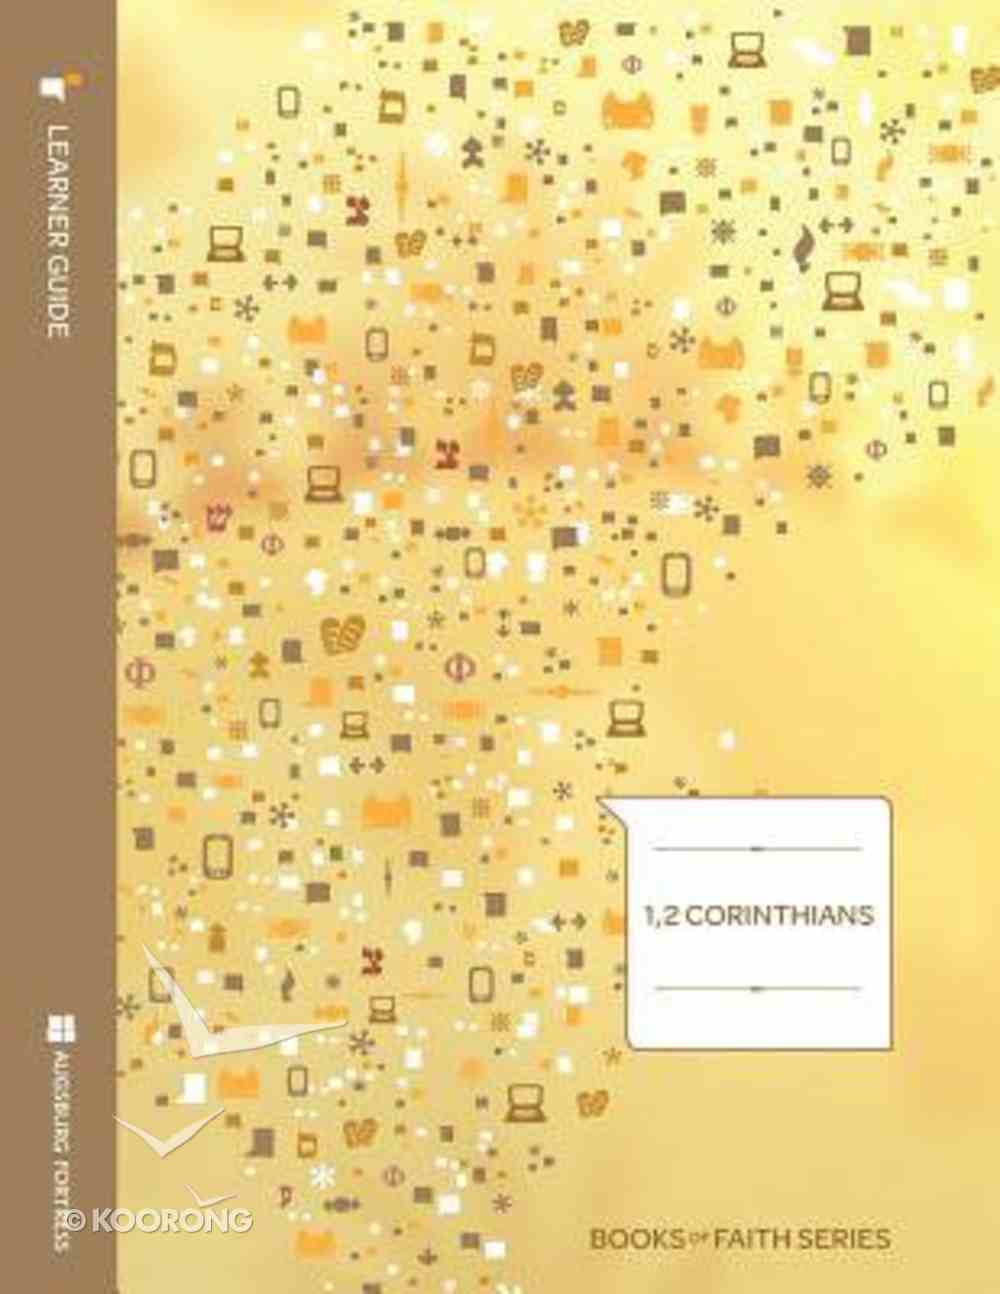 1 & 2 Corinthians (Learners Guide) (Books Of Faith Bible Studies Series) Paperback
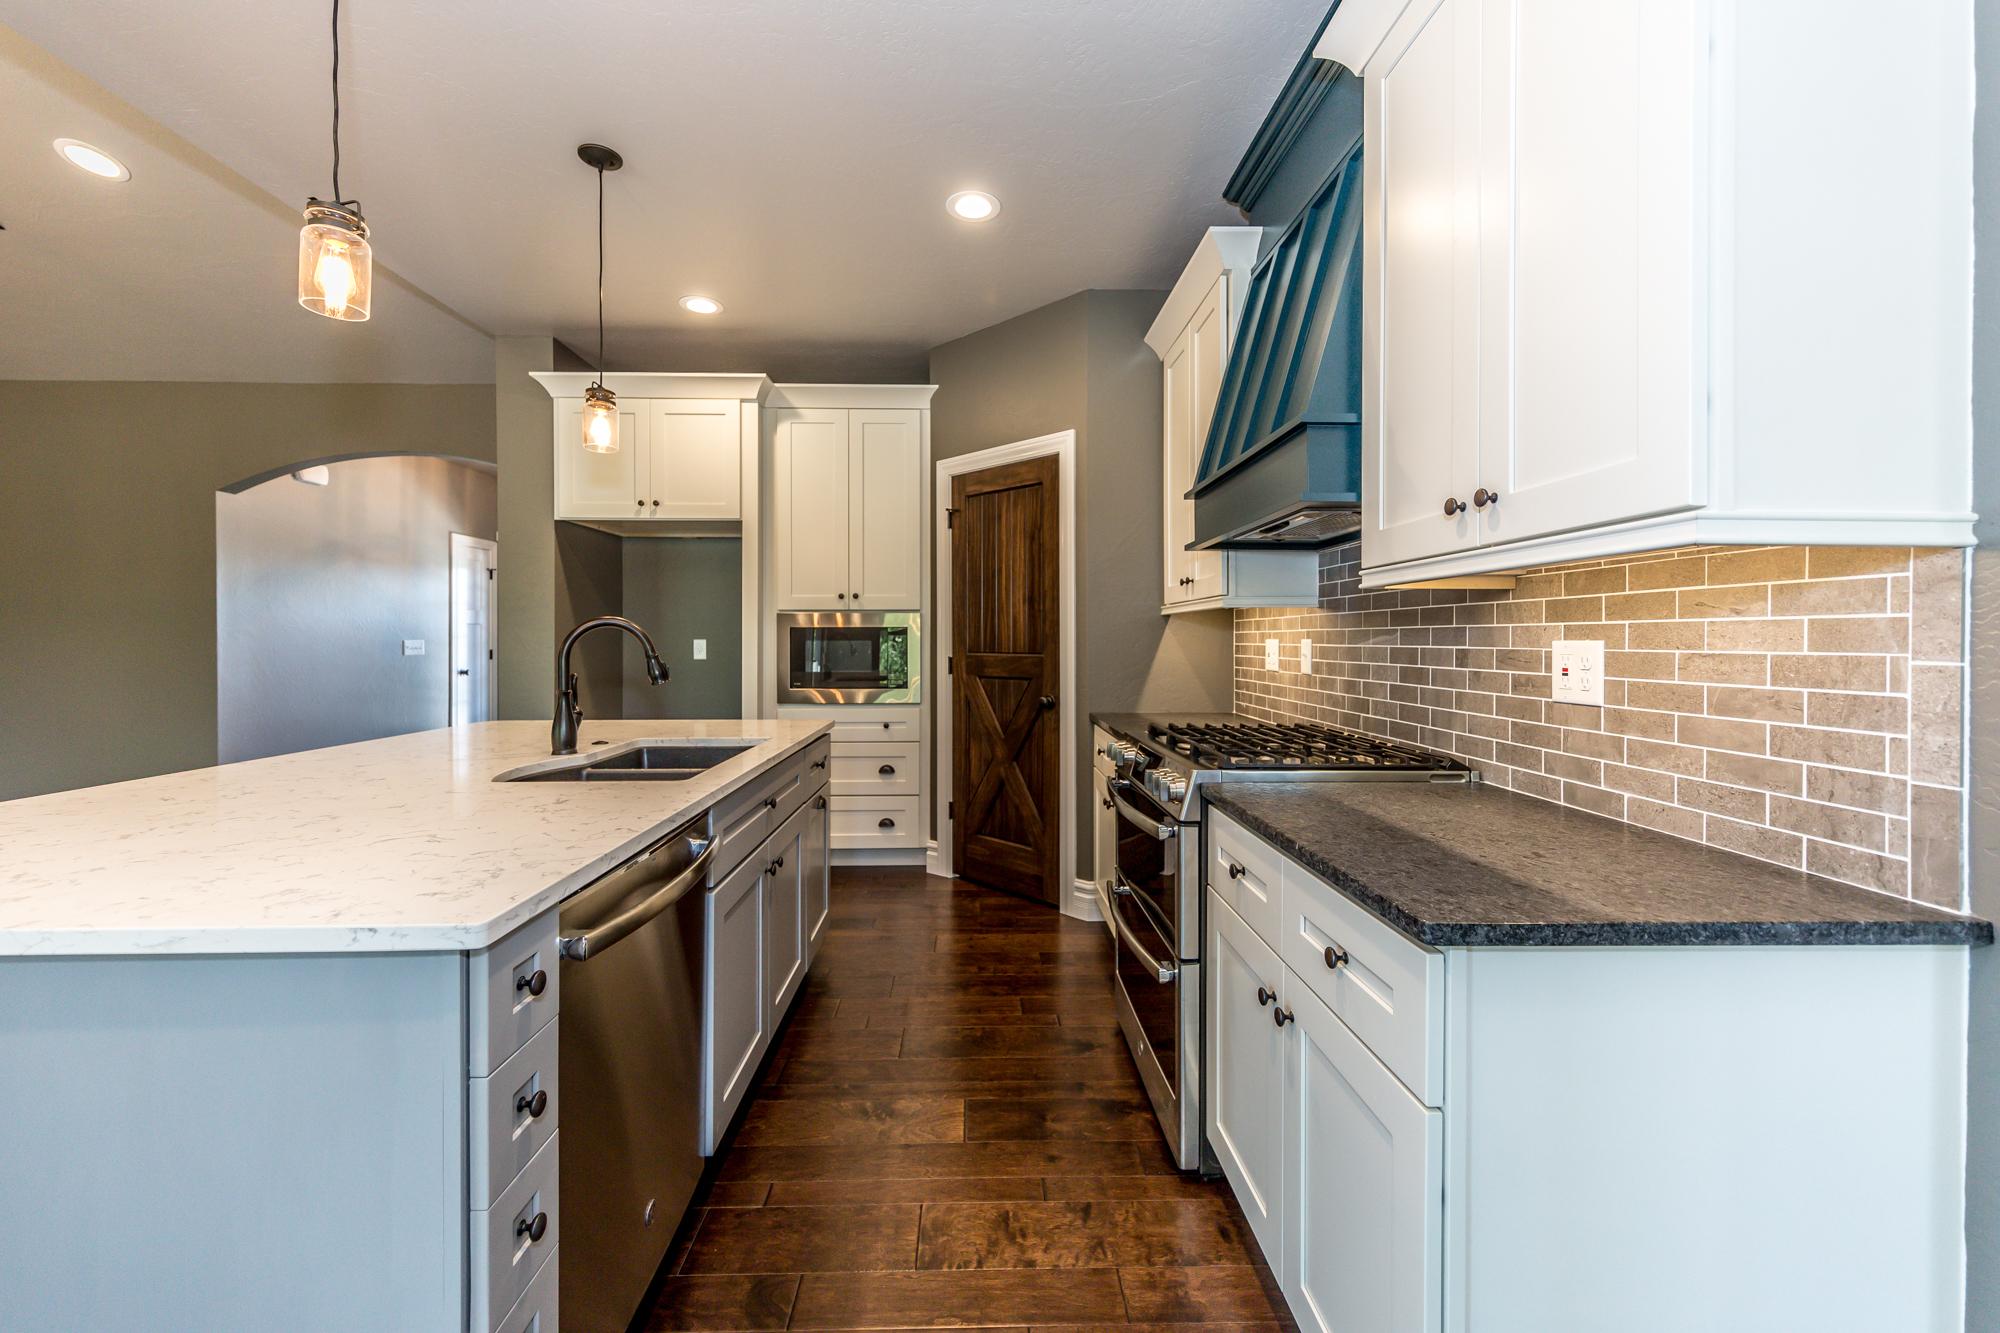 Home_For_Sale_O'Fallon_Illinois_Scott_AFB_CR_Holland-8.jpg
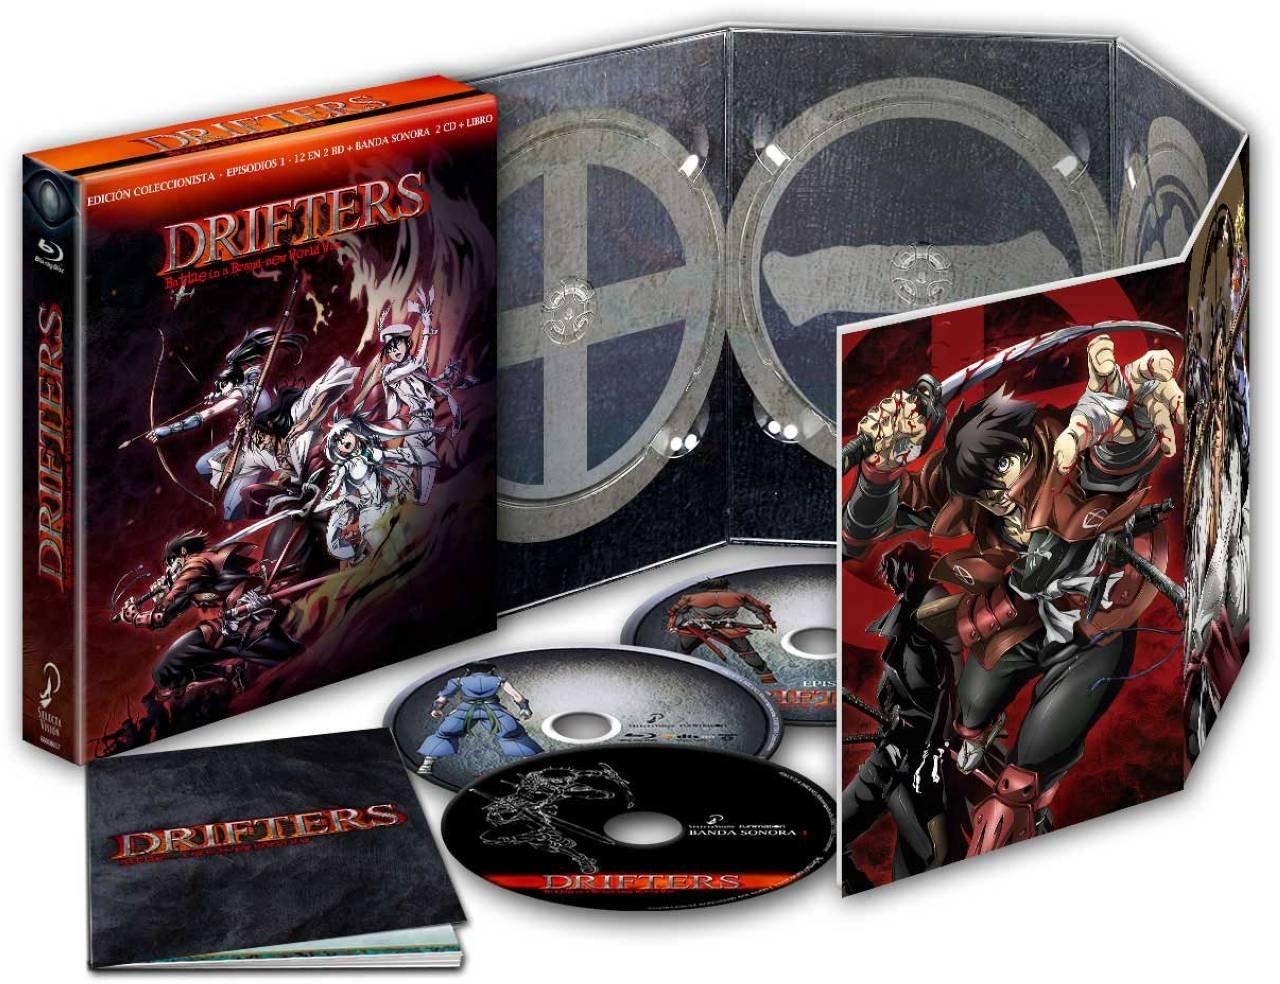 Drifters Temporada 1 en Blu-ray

- [Task objective] Please give the data again in full, exactly as written, but without any images.

- [Written response]
 1 & 2 Corinthians (Learners Guide) (Books Of Faith Bible Studies Series) Paperback
 Home_For_Sale_O'Fallon_Illinois_Scott_AFB_CR_Holland-8.jpg
 Drifters Temporada 1 en Blu-ray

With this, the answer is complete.